Dynamic rush-hour tolling on Interstate 66 inside the Beltway began just over a month ago. Here's how much solo drivers paid during the first couple of weeks of tolling.
WASHINGTON — As commuters and local officials continue to call for relief from new tolls on Interstate 66, state transportation officials released new data that shows toll-payers are shelling out less than the estimated average of $17.
The numbers were part of a status report that Virginia Deputy Transportation Secretary Nick Donohue presented to members of the Northern Virginia Transportation Commission at a meeting Thursday.
The commission had previously tabled a resolution calling for changes to the tolls after some drivers paid more than $40 to use the lanes. Fewer than 50 drivers paid such high tolls, according to state figures.
And at its meeting Thursday, the commission opted to hold off on such a request and instead asked that the transportation secretary update the commission in May or June — when several months of tolling and commuting data would be available — on how the changes have impacted commuting patterns, especially any shifts to transit.

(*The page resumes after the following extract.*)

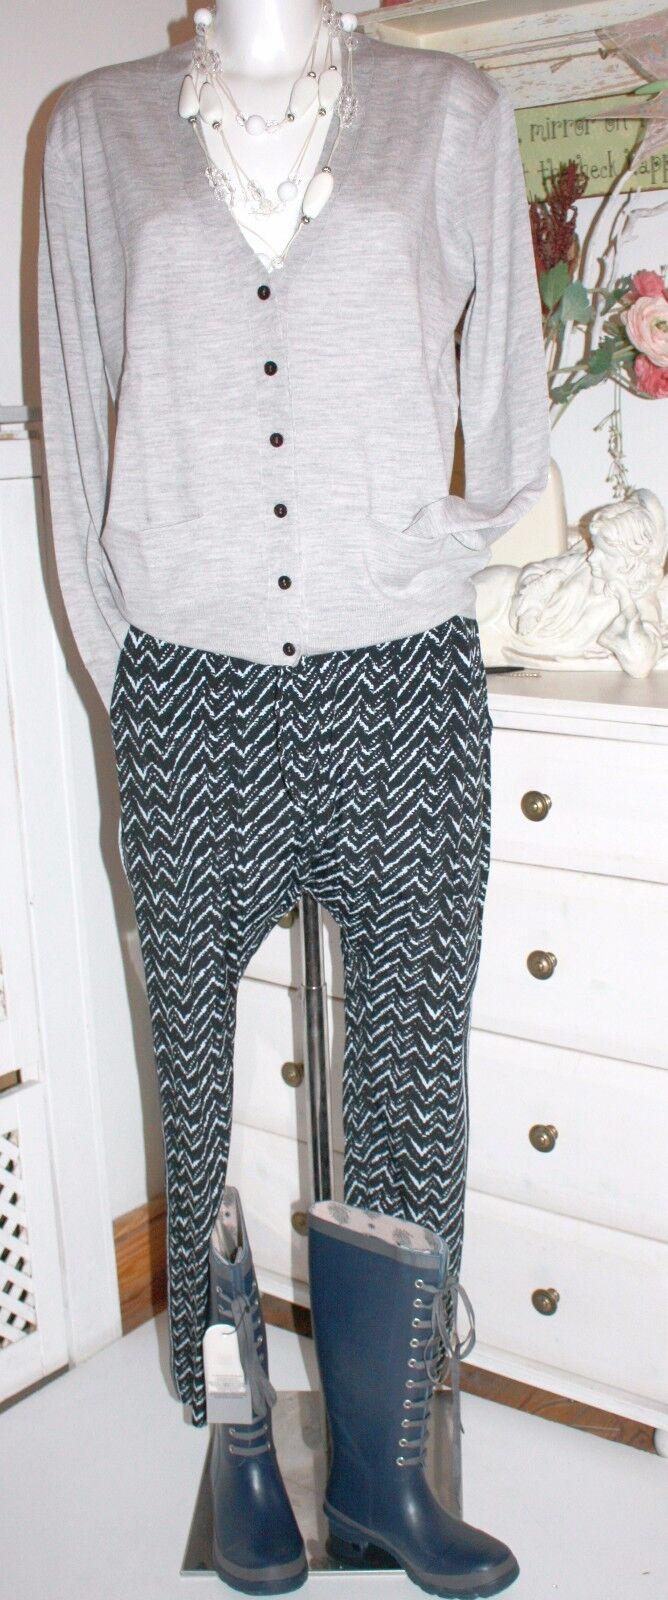 Noa Noa Pluder Hose Pants  Printed Moss Crepe Viscose Print bluee  size  34 Neu

Virginia officials have said the tolls and longer HOV hours are intended to move more people along the I-66 corridor through carpooling and transit.
But a WTOP survey of commuters found that many are unwilling, or unable, to park their cars. Instead commuters said they are taking other routes, leaving earlier or paying the tolls.
Still, Donohue said that the tolls and changes to the HOV hours are already improving the trip for commuters whether they use I-66 or other arterial roads like U.S. 50 and the George Washington Memorial Parkway.
State officials have said they will continue to monitor the price of tolls and speeds along the corridor to ensure they are working as planned but have resisted calls for changes.
HOV commuters told WTOP that the changes have shaved about 10 minutes off their morning trip on the interstate and they hope that the changes will result in a more predictable commute.
WTOP’s Amanda Iacone contributed to this report.